This is a list of large or well-known interstate or international companies headquartered in Bellevue, Washington.

Currently based in Bellevue
 5th Cell - video game developer; created Scribblenauts and Drawn to Life
 Apptio - developer of software used to evaluate and manage portfolios of IT investments through an integrated view of IT cost, performance, supply, and demand
 ArenaNet - PC game developer of Guild Wars series; many ArenaNet employees formerly worked for Blizzard Entertainment
 Baratza - coffee grinder company
 Bungie - video game studio known for the popular Halo and Destiny franchises
 Coinstar - producer of coin exchange kiosks and other coin services
 Concur Technologies - offers online integrated travel and expense management for businesses; relocated its headquarters in 2013 from Redmond to the Key Center building
 Dreambox - online elementary and middle school math software; headquartered in downtown Bellevue
 Drugstore.com - online pharmacy and information site for health, beauty, wellness, personal care, and pharmacy products
 Eddie Bauer - relocated its headquarters from Redmond to a 28-story office tower at Lincoln Square, which was completed in mid-2007; shares the tower with Microsoft's North American sales headquarters
 Esterline - publicly traded company that designs, manufactures, and markets specialty products primarily for aerospace and defense customers
 Expedia Group - online travel company, which occupies Tower 333 (renamed the Expedia building) beginning November 2008
 GlobalScholar - an operating unit of Scantron
 Icertis - software company for contract management
 InfoSpace - a growing Internet private-label search engine and online directory that survived the dot.com bust of the 1990s; reemerging in the mid-2000s with a mobile entertainment offering
 Intellectual Ventures - a growing intellectual property investment company, prominently featured in the book Superfreakonomics
 MulvannyG2 Architecture - moved to Seattle in 2015; now called MG2; the headquarters for the international architectural firm working with both commercial and mixed use projects
 OfferUp - mobile marketplace
 Orahealth Corporation -  pharmaceutical manufacturer specializing in oral health care products
 Outerwall - owner and operator of coin-exchanging and movie rental kiosks found in supermarkets
 Paccar - world's third-largest producer of heavy duty Class 8 trucks (semis) sold under the Kenworth, Peterbilt, DAF and Leyland nameplates
 The Pokémon Company International -  North American headquarters for US operations for marketing and licensing the Pokémon franchise
 QFC - Quality Food Centers; headquartered in Bellevue; a Washington and Oregon chain of upscale grocery stores (a wholly owned subsidiary of Kroger)
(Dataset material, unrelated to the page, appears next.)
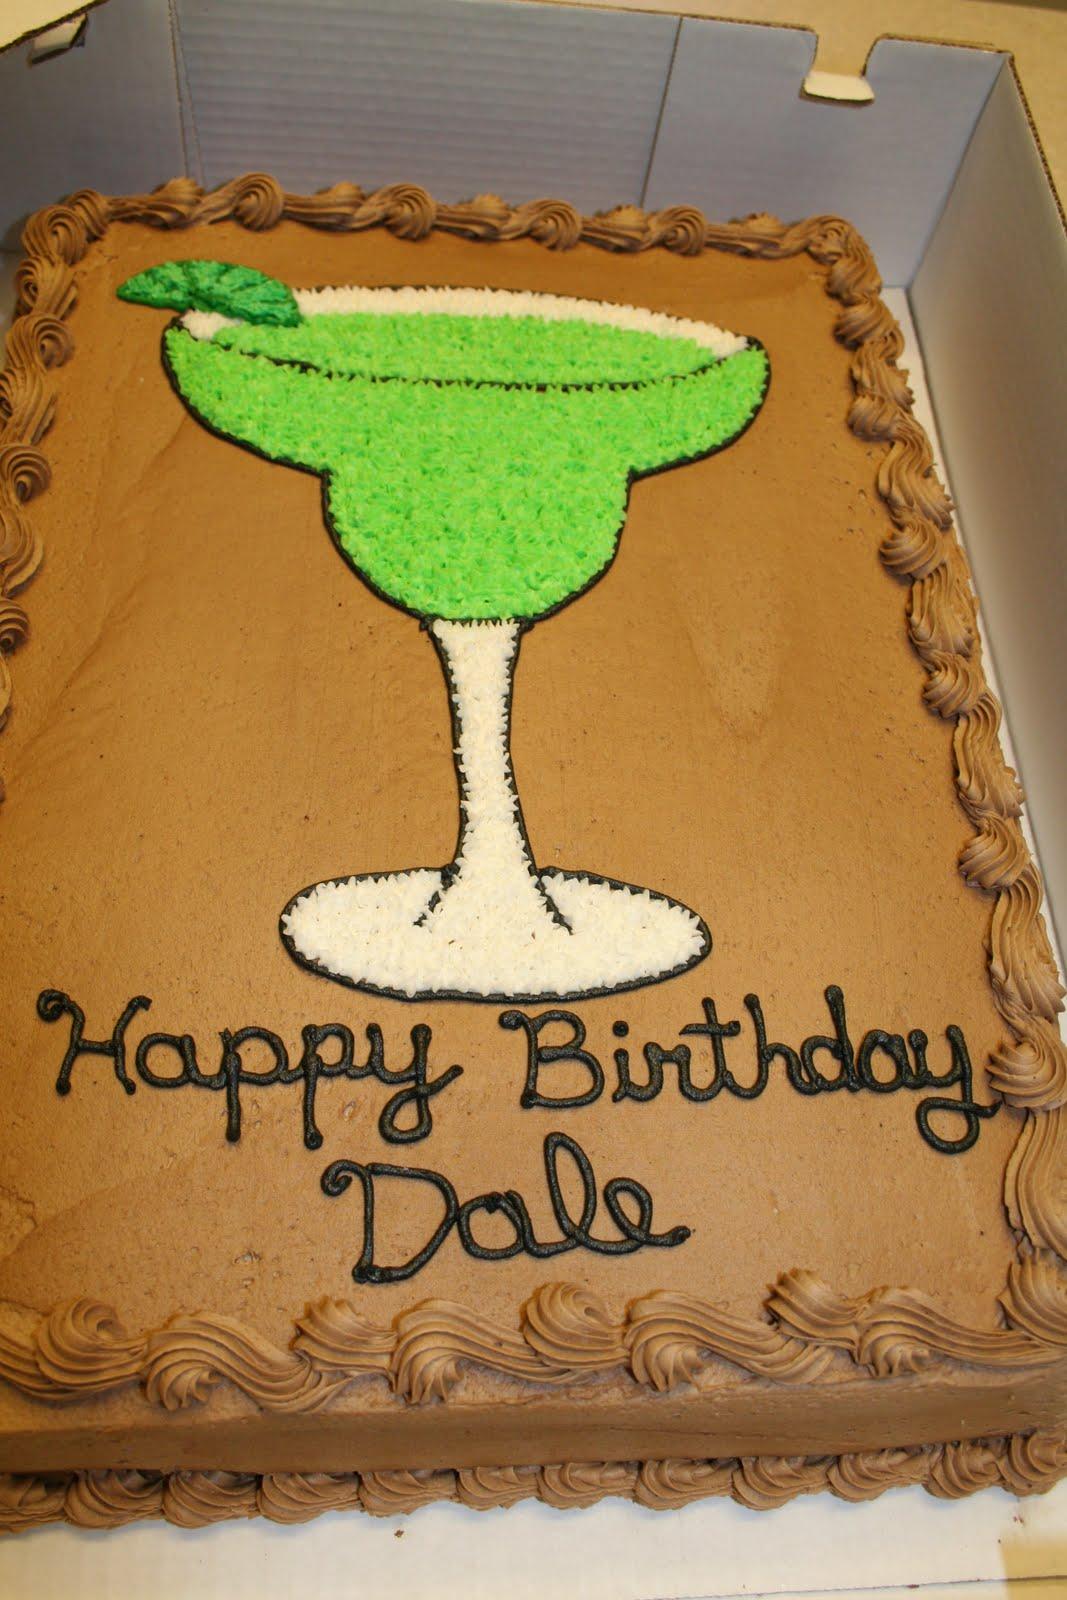 Rachels Creative Cakes Margarita Glass Creation
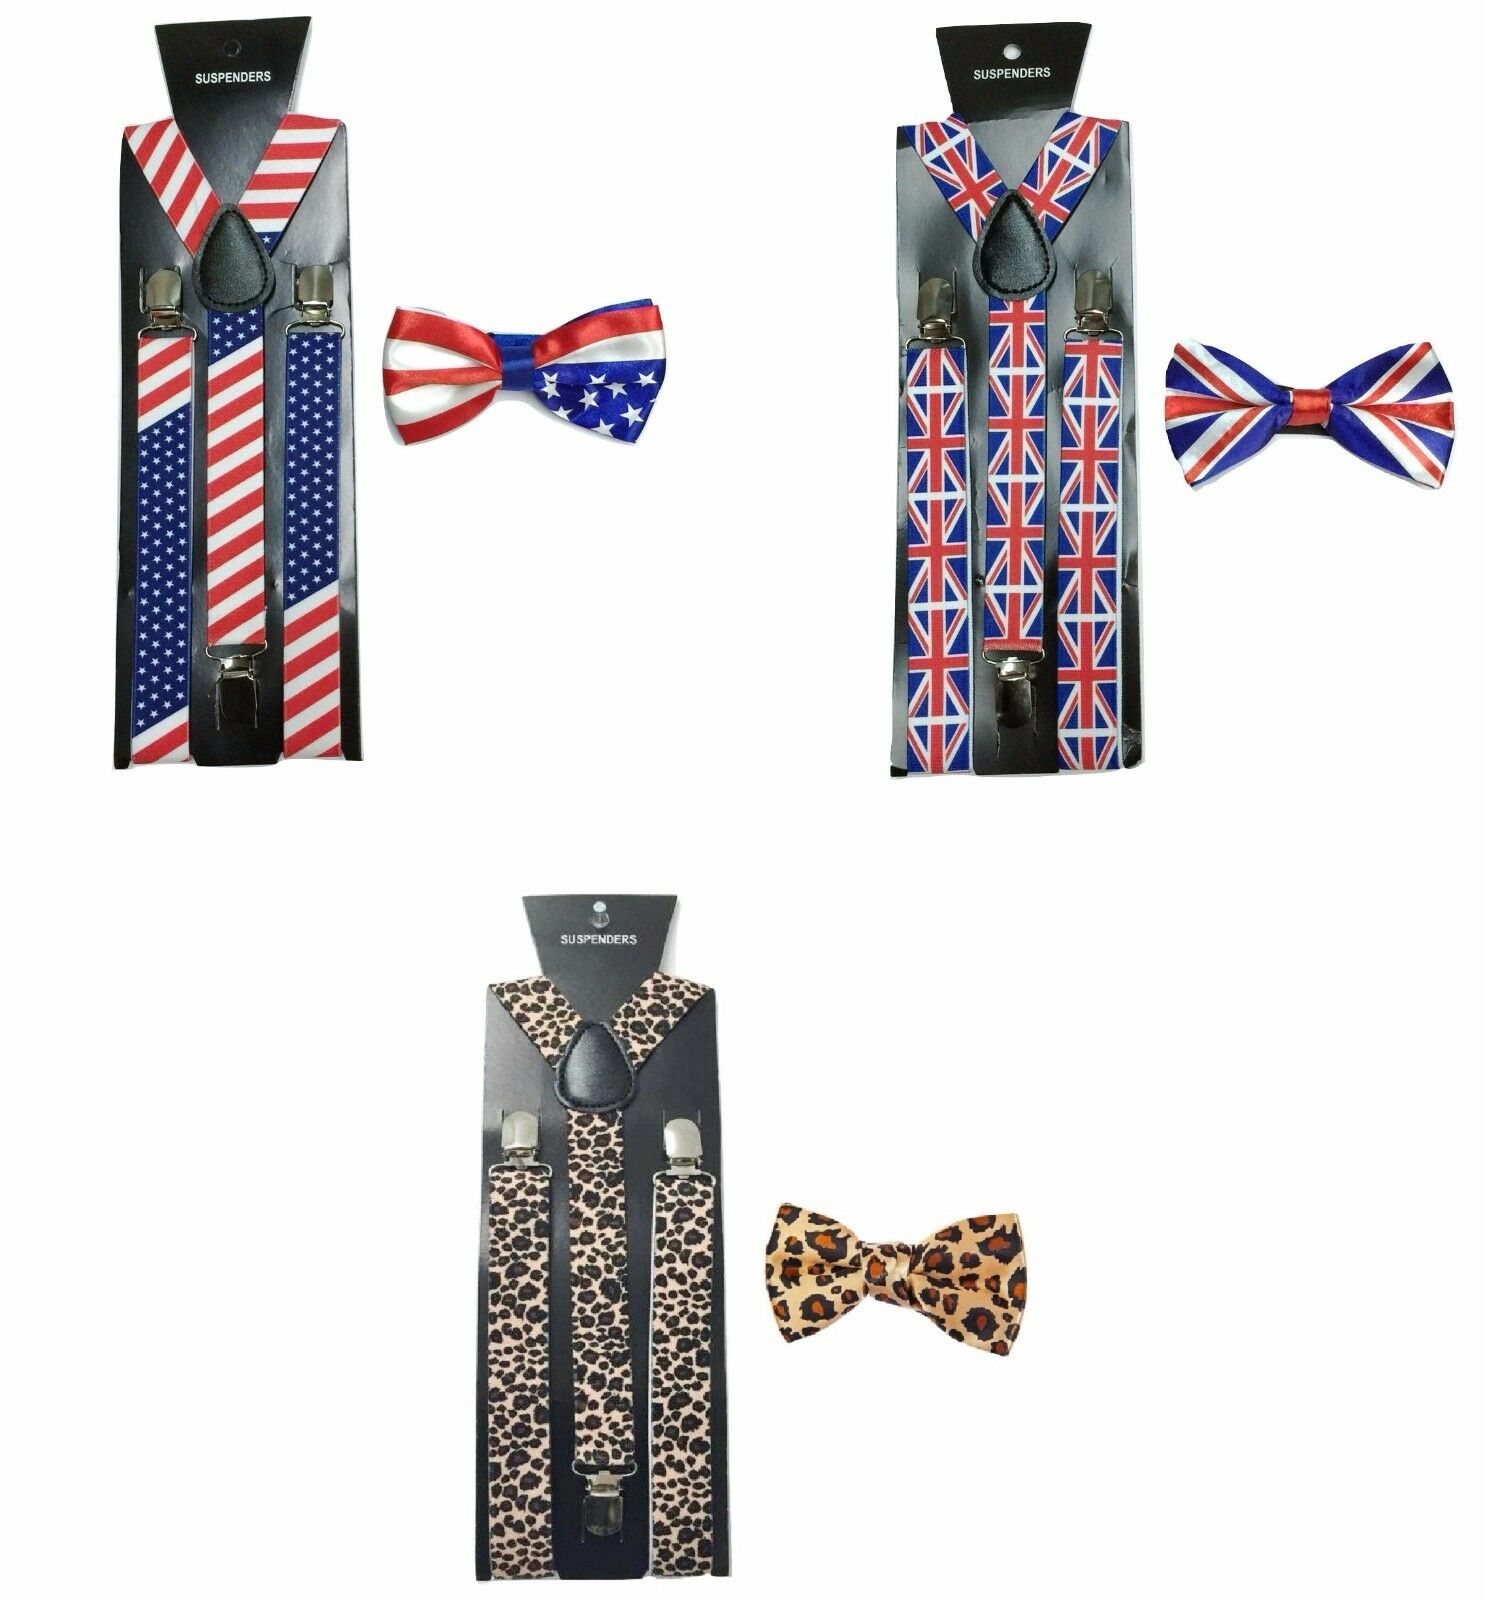 Fliege + Hosenträger Satz American UK Flagge Union Jack Leopard

 Savers - operators of the Value Village thrift store chain
 Smartsheet- Software as a service (SaaS) application for collaboration and work management
 Sucker Punch Productions - Sony game developer which produced Sly Cooper, InFamous, and Rocket: Robot on Wheels
 Symetra - life insurance company
tinyBuild - indie game publisher
 T-Mobile US - headquarters for their US operations are located in Factoria, a neighborhood of Bellevue; operates a nationwide 4G LTE network; Bellevue's second-largest employer, with over 4,800 employees on the campus  and America's third largest mobile carrier. 
 Valve - computer software/video games developer responsible for PC game client Steam, and best-selling games such as the Half-Life series,  Portal series, and Team Fortress 2
 WizKids - non-electronic game developer producing everything from collectible miniatures games to board games

Branches based in Bellevue
 Boeing - aircraft manufacturer's Bellevue's third-largest employer with over 2,800 employees
HTC Corporation - Taiwan-based manufacturer of smartphones and portable computing devices
 Microsoft - Bellevue's largest employer, with 7,500 employees
 Merrill Lynch - wealth management
 Nokia - Finnish based telecommunication equipment and services provider
 Samsung - multinational conglomerate, primarily electronics
 Salesforce - cloud based CRM solutions provider
 Tata Consultancy Services - is an Indian multinational information technology service and consulting company headquartered in Mumbai, Maharashtra, India. It is a subsidiary of Tata Group; TCS is the largest Indian company by market capitalization.